With the Chinese increasingly coveting European luxury goods, Swiss watchmakers are eyeing a huge new market for their wares, but disagree on the best way of capturing it.

The question being mulled by famous Swiss watch brands is whether to create more specialty editions aimed at appealing specifically to the Chinese or instead simply wait for fast-shifting Chinese tastes to adapt to European fashion.

At a Hublot workshop in Nyon, a small town set on the shores of Lake Geneva between Geneva and Lausanne, workers clad in white lab coats huddle around an extra slim watch conceived specially for the Chinese market.

As they carefully place the dainty hands on the titanium face, Hublot spokeswoman Anais Treand insists that the watch, priced at 14,300 Swiss francs ($15,100, 12,700 euros), will be a hit in China since it is "light and delicate".
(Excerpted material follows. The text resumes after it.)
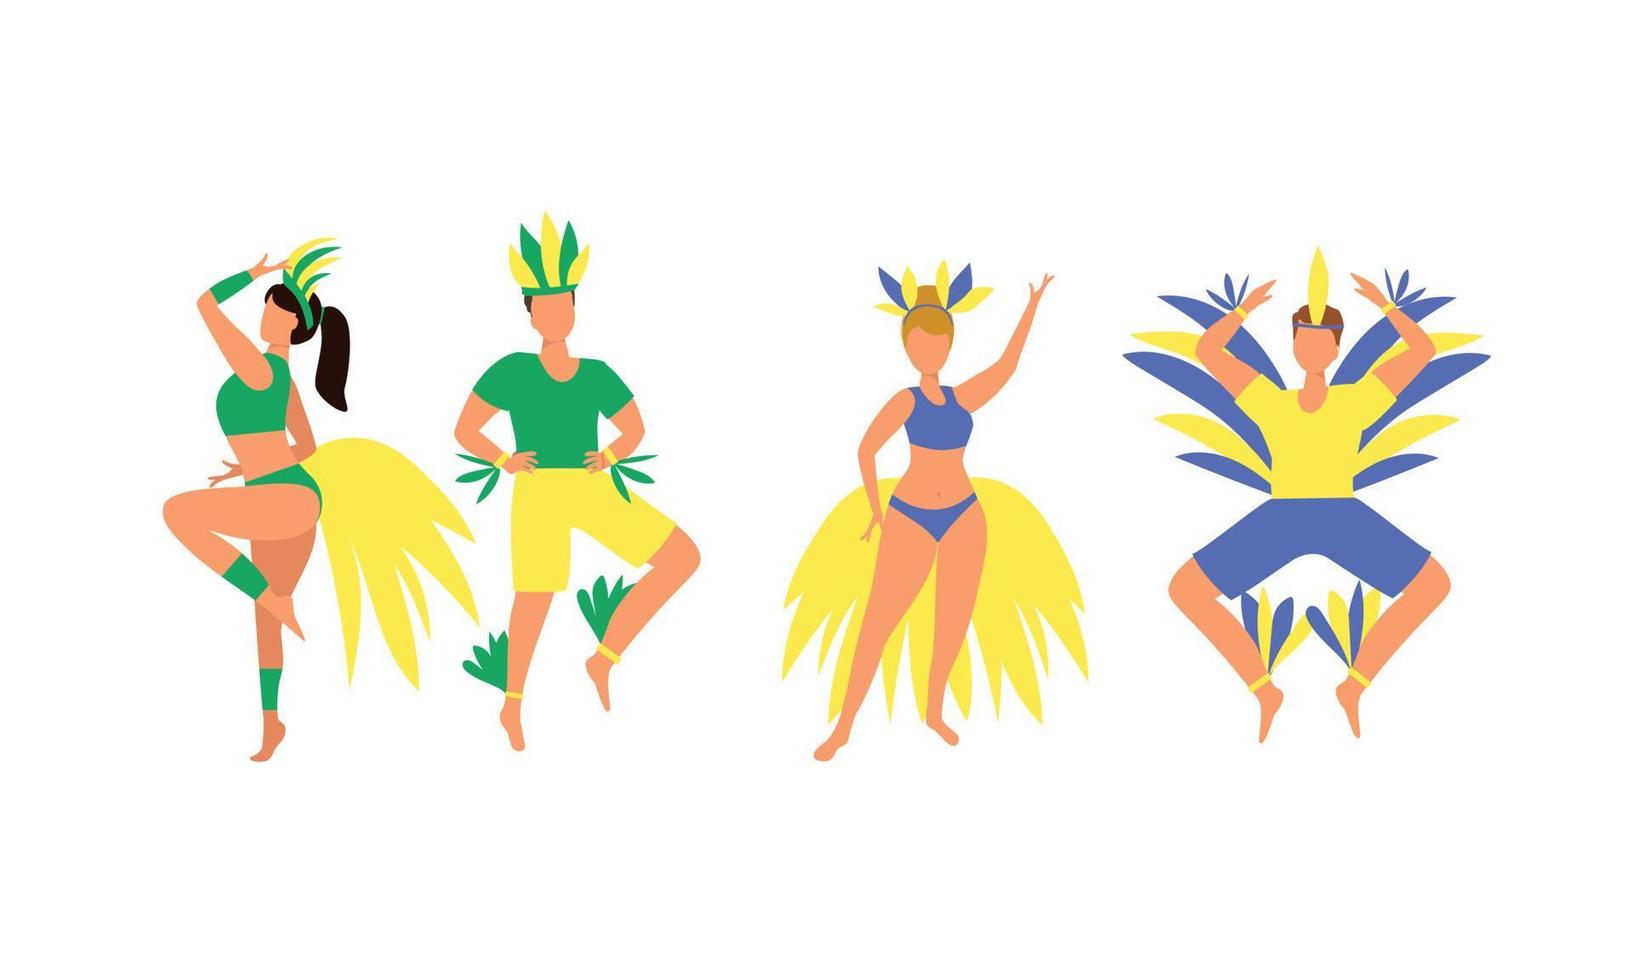 uppsättning av människor i karneval kostymer. man och kvinna i karneval kostym med fjädrar. Brasilien karneval kostym. vektor illustration.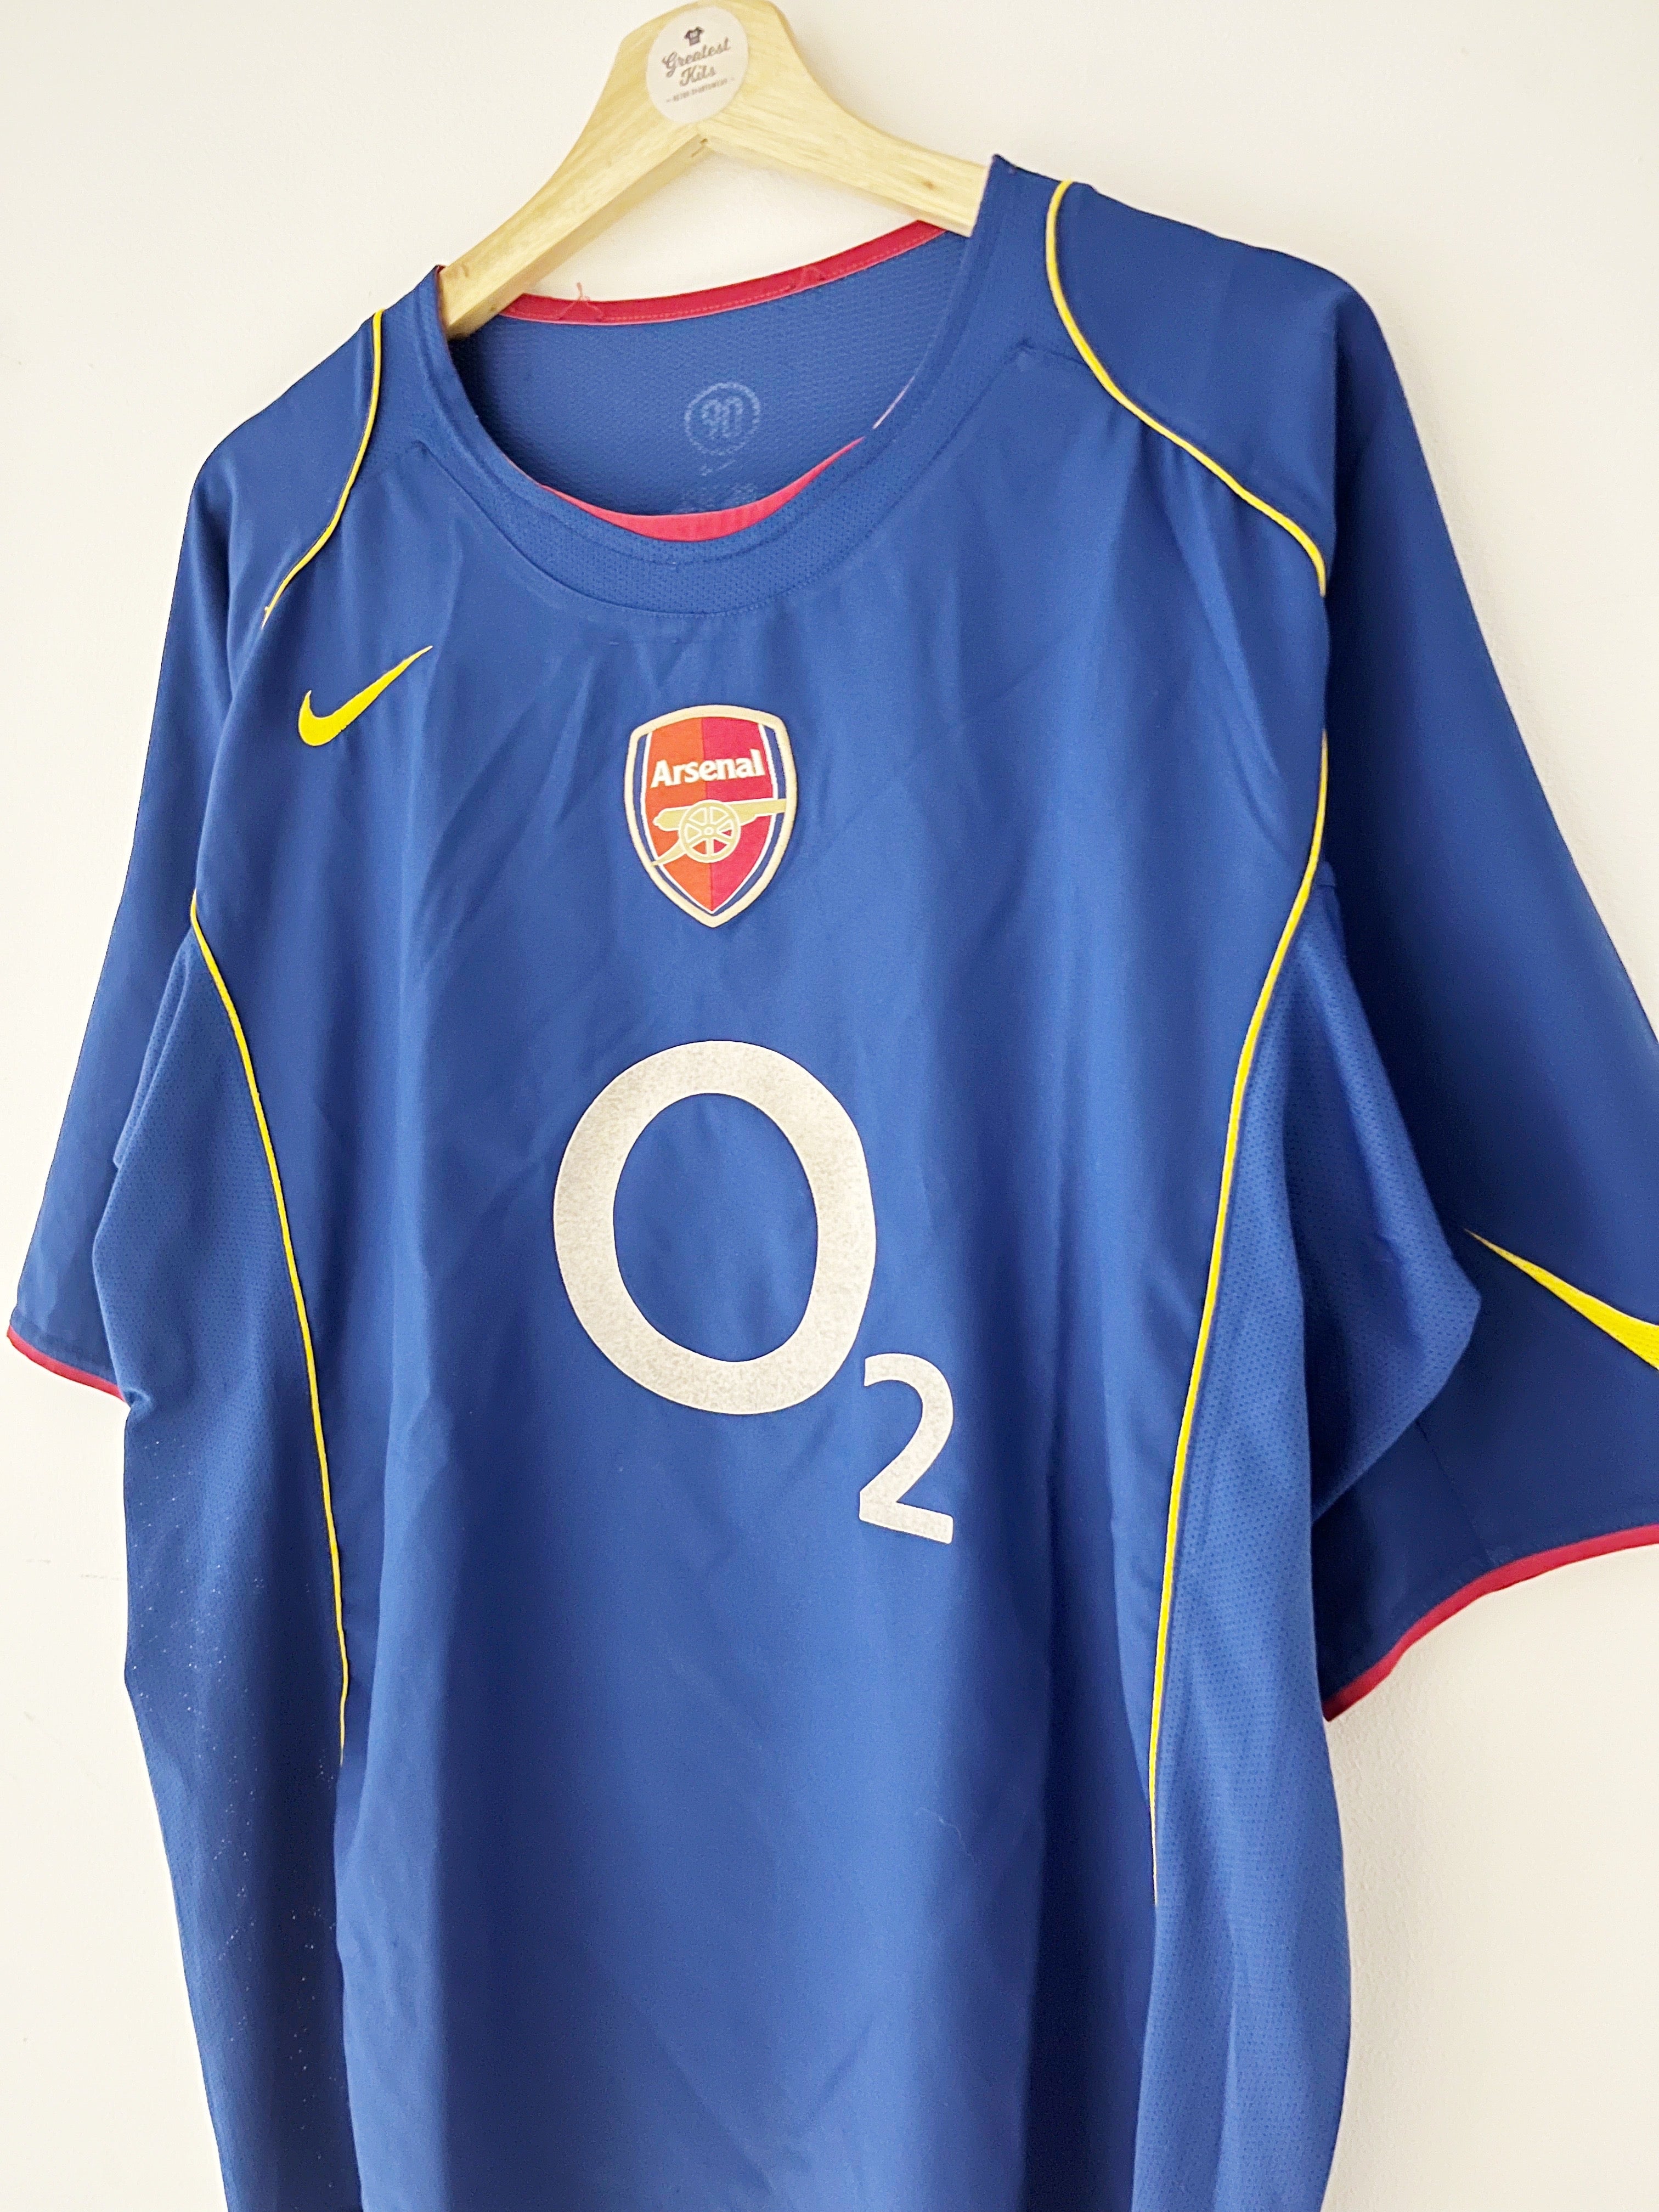 Arsenal de Sarandi Away football shirt 2004.

This year, China accounted for 7.8 percent of Swiss watch exports in terms of value, according to the Federation of the Swiss Watch Industry, and watchmakers claim there is plenty of room for expansion.

"My 32-year-old son has been over there for 10 years. He is beginning to have a good feel for Chinese trends," Hublot chief Jean-Claude Biver told AFP, nodding towards a jade-faced watch made with Chinese consumers in mind.

The company, which since 2008 belongs to French group LVMH, has decided to adapt to the Chinese with special marketing and products in a bid to capture a chunk of this massive potential market, he said.

Other brands have also jumped on the Chinese bandwagon, producing often very limited and exclusive models inspired by Chinese culture.

Geneva watchmaker Vacheron Constantin has thus just launched the "Legend of the Chinese Zodiac" -- a series of luxury timepieces based on a 12-year cycle beginning with the Year of the Snake.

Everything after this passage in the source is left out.